Antoinette describes her parents as very loving: “They always had love for each other and for us. Every Sunday we children had to go on a small “excursion” with the father in the mountains - regardless of the weather. Sometimes we climbed the rock or stayed in a hut overnight. Meanwhile, mother could rest a little.”

"The Last Story"

Antoinette shows me a special picture. I don't know exactly what she means when she says it's the last story. She explains: “Once, my mother said that she could have had ten years of pure happiness in her marriage. A decade, since we were twins ten years old, when we went skiing in the mountains on May 16. Here you see Marianne. You know the story ... " Antoinette's face suddenly becomes very serious and after a short pause she continues, "... the story of Grand Saint-Bernard?

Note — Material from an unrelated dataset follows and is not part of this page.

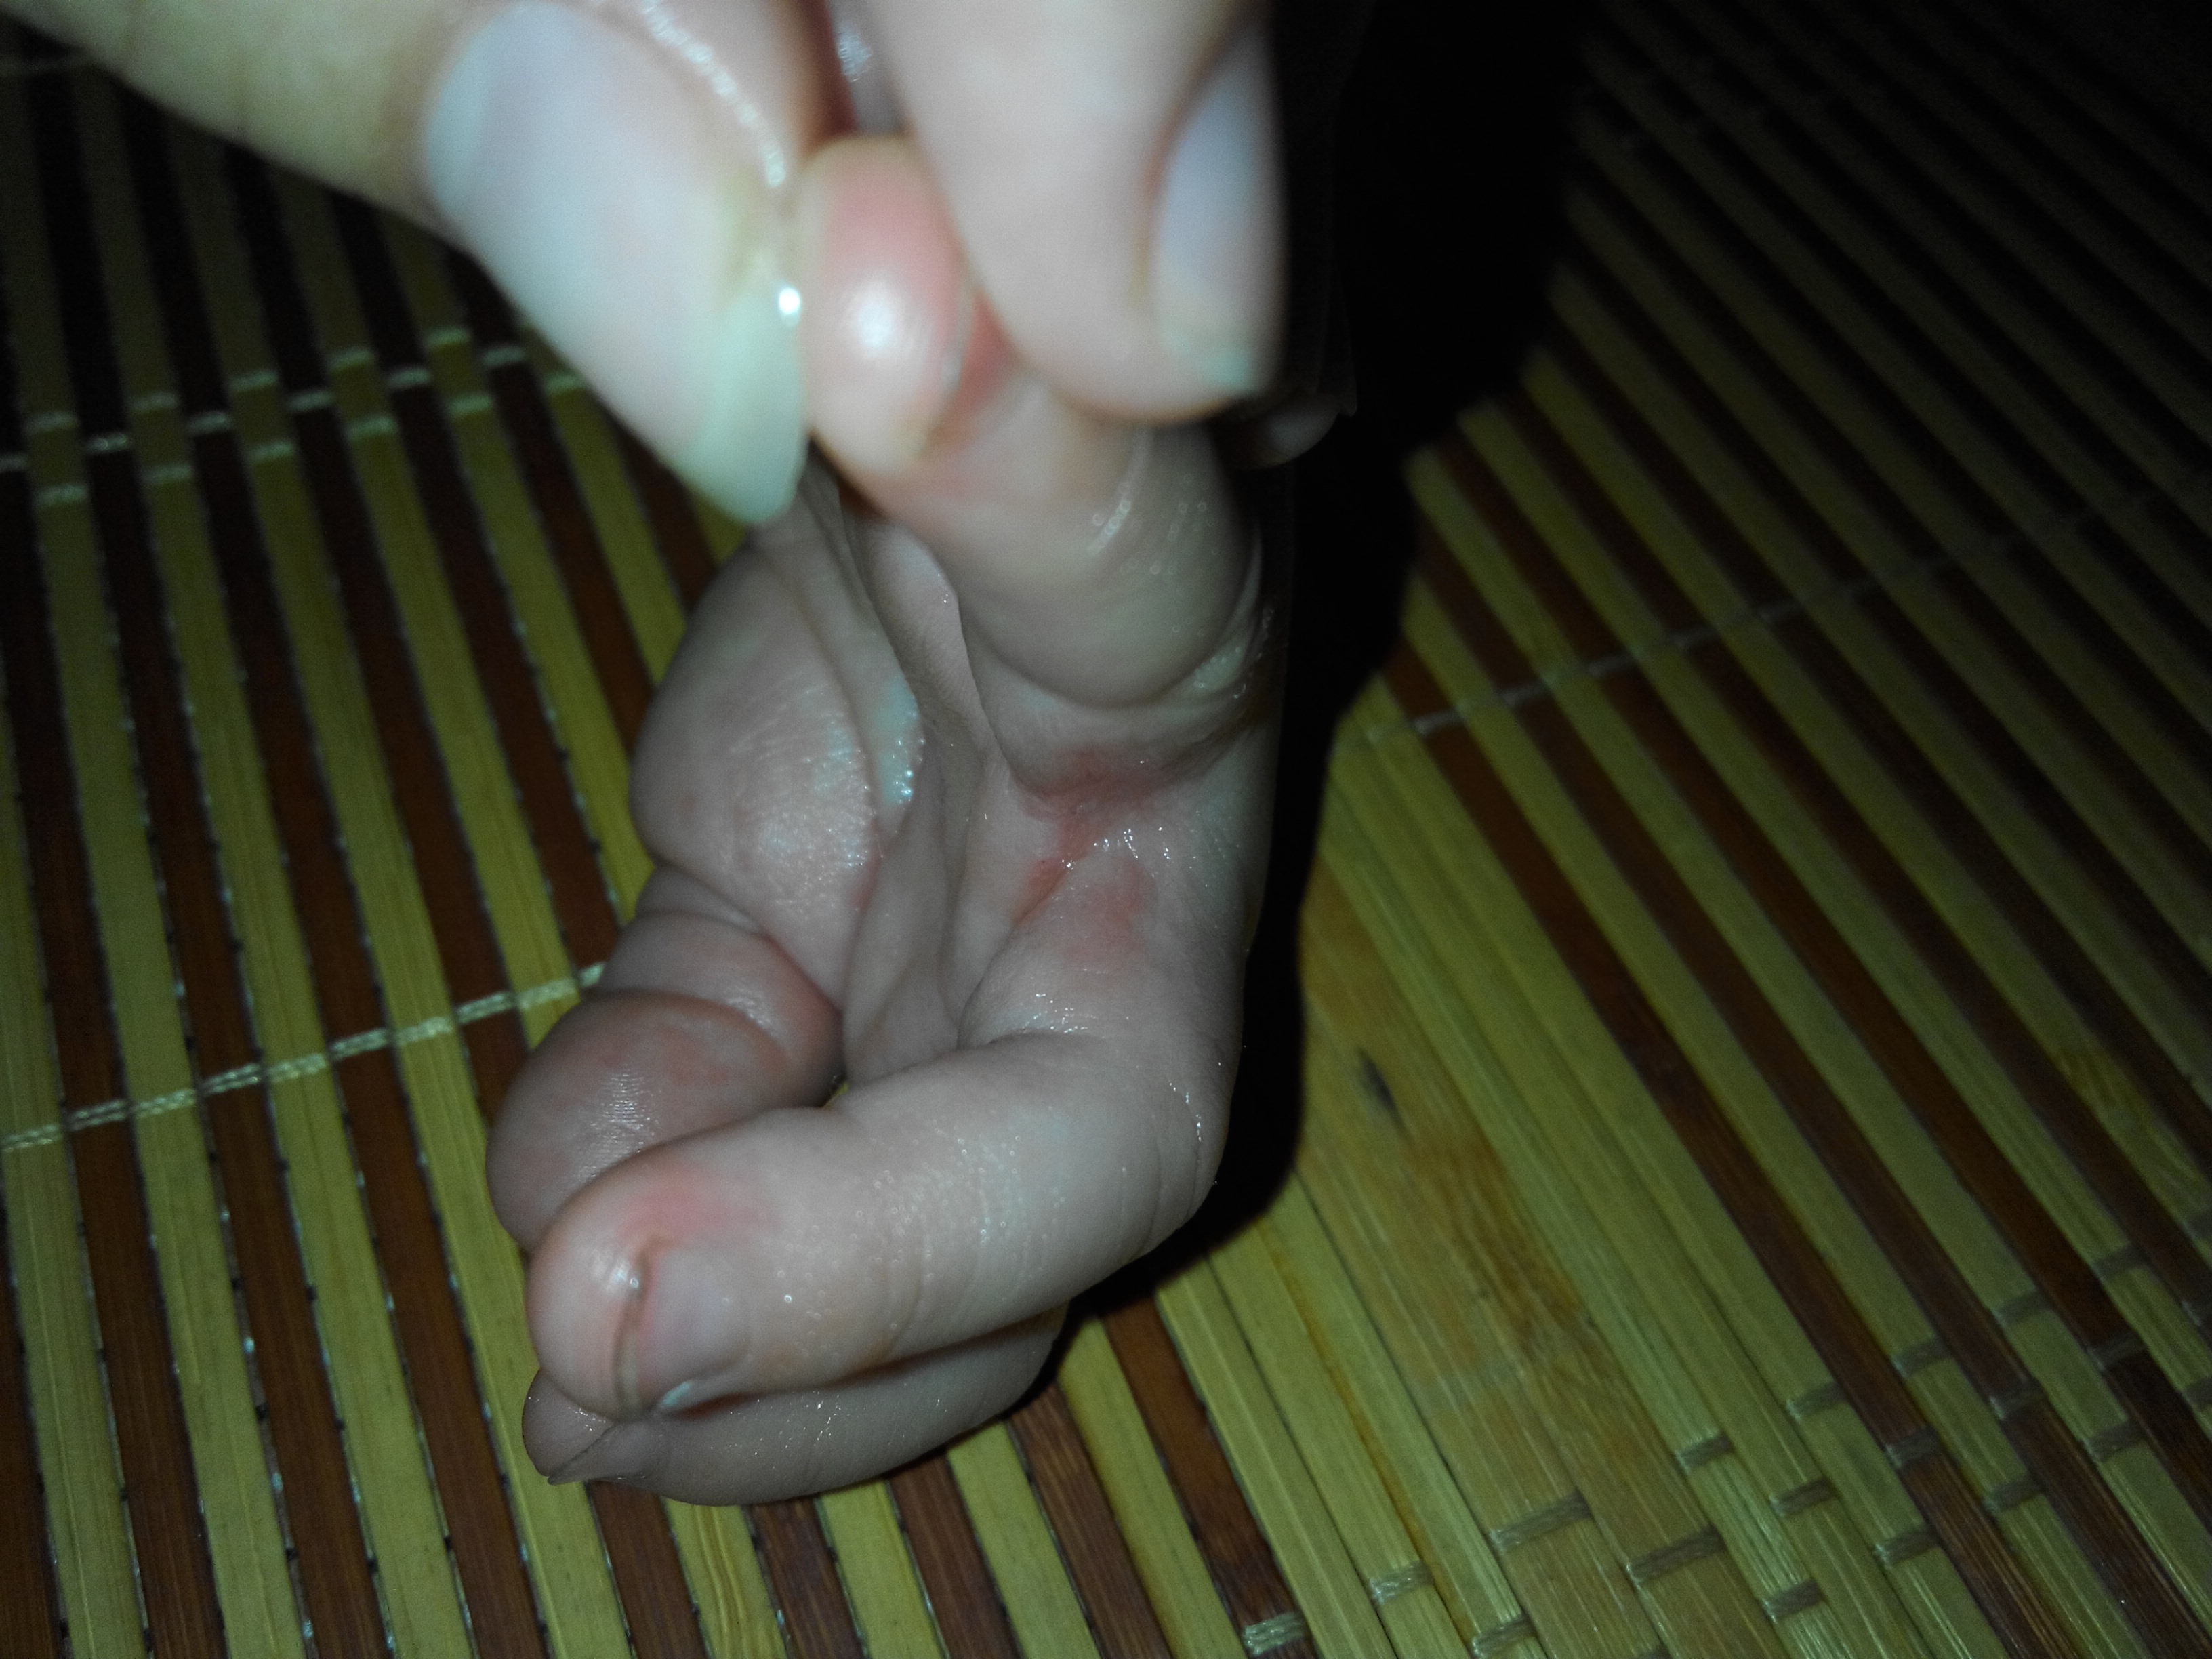 差不多一个星期前发现小孩手指缝里红红的好像要烂了一样

On the ski tour we passed this monastery, which we originally wanted to visit. My mother was actually too tired, but Marianne had dreamed of the St. Bernard rescue dogs the night before and now insisted on looking at the dogs. She hurried on ahead, over the little hill behind which the monastery lay. Only when we got to the top of the hill, did we have a view of the monastery and Marianne, but we couldn't see what was going on there. My father was with her already, but we still didn't quite understand ... was he feeding the dogs? Only when we got closer did we realize that the dogs had attacked Marianne and at that moment they started attacking us. They were usually locked away before visitors arrived, but this time they had been forgotten. My parents defended us with the ski poles and finally we were able to flee to the monastery. I don't know how much time passed, maybe five minutes or an hour, before my father came to us and said: "Marianne est morte" (Marianne is dead). My parents cried ...", there is peace on Antoinette's face as she remembers, "In these moments I felt a very, very strong love of my parents for me."

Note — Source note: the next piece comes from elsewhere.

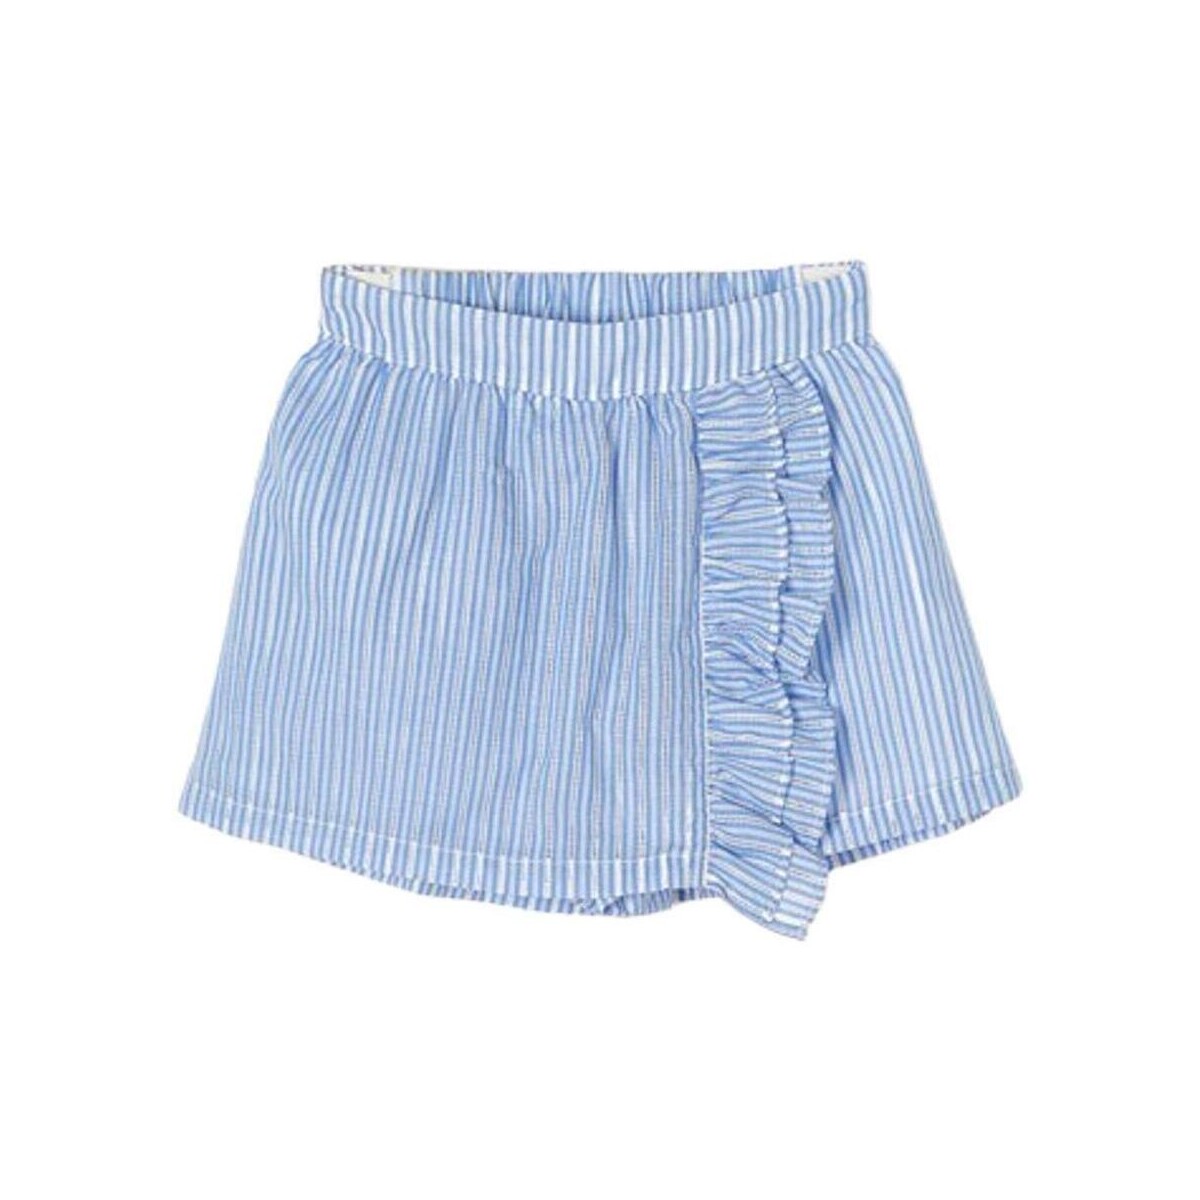 Textiel Meisjes Korte broeken / Bermuda's Mayoral  Blauw

The family stayed in the monastery overnight and ended the ski tour the next day. On the way home, Antoinette's younger sisters kept asking for Marianne. Even her baby sister kept calling for her: “Manna! Manna! Manna!” (Marianne). Then Antoinette remembers many people, the preaching of her uncle, and above all, lots of flowers...

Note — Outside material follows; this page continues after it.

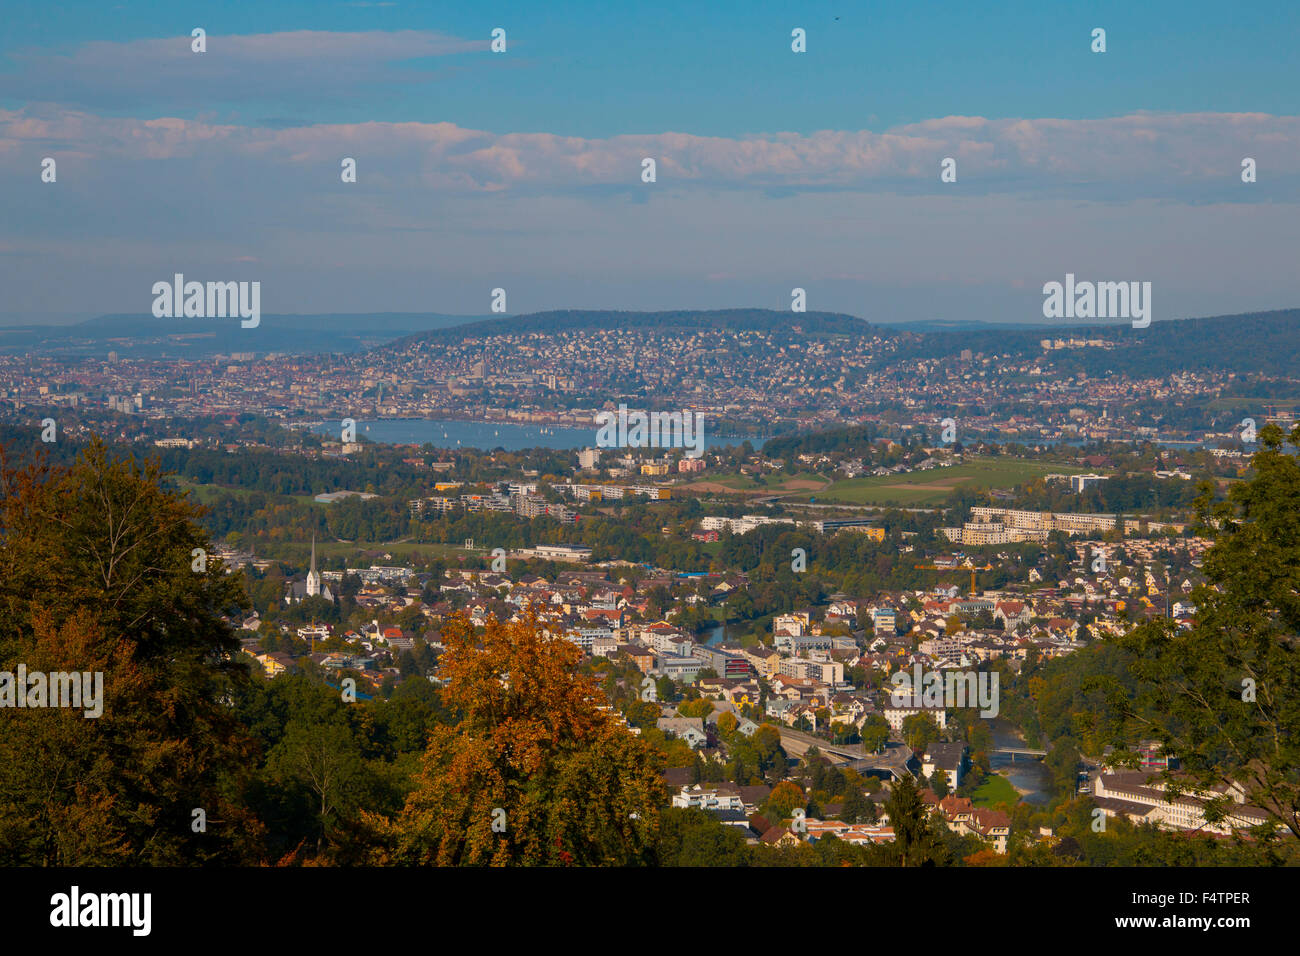 Switzerland, Europe, canton Zurich, Adliswil, town, autumn, Zurich lake, Stock Photo

She continues: “During this time Claudine and I walked together to our sister's grave every day, which was about 45 minutes away. On the way I kept hearing people on the street saying, "This is her twin sister!" Even my father said to me that if he looked at me, he would see Marianne. We only wore black for a year and got a lot of visitors. From that point on, we started to pray more as a family, and in general, our faith grew stronger.”


Antoinette's niece was named after Marianne and has also received an exceptionally strong faith. One day she visited the monastery for two days. When she stood in front of it, she began to praise God. The monks found out who she was and asked for forgiveness. But Antoinette's father was never angry in his heart at the monastery.

On the way to the ski tour on May the 16

The twins in the snow

To be continued... 

At the age of 14, Antoinette and Claudine attended secondary school. For this, the two had to move back to Genève, where they lived with different relatives. The two sisters could only go home one weekend a month, which was very difficult for them.


Antoinette says: “I grew up in a Christian family, but at 17 I wanted faith to play a larger role in my life. I had the impression that it was good to do what Marianne wanted, which she could no longer do.  So, I wrote to my parents that I would become a missionary in Africa instead of Marianne.”


Antoinette also wrote to a mission society in Paris that the Lord had called her on a mission. She didn't really want to, but she still wanted to be obedient. Antoinette received a refusal on the grounds that she was not yet ready for the mission. Upon hearing that, she was quite relieved. Antoinette later studied natural science at the university. She says slyly: “I just wanted to find a job that would make it impossible to send me on a mission. In my imaginations, missionaries were always single. But I had met someone I wanted to marry…I wanted a family."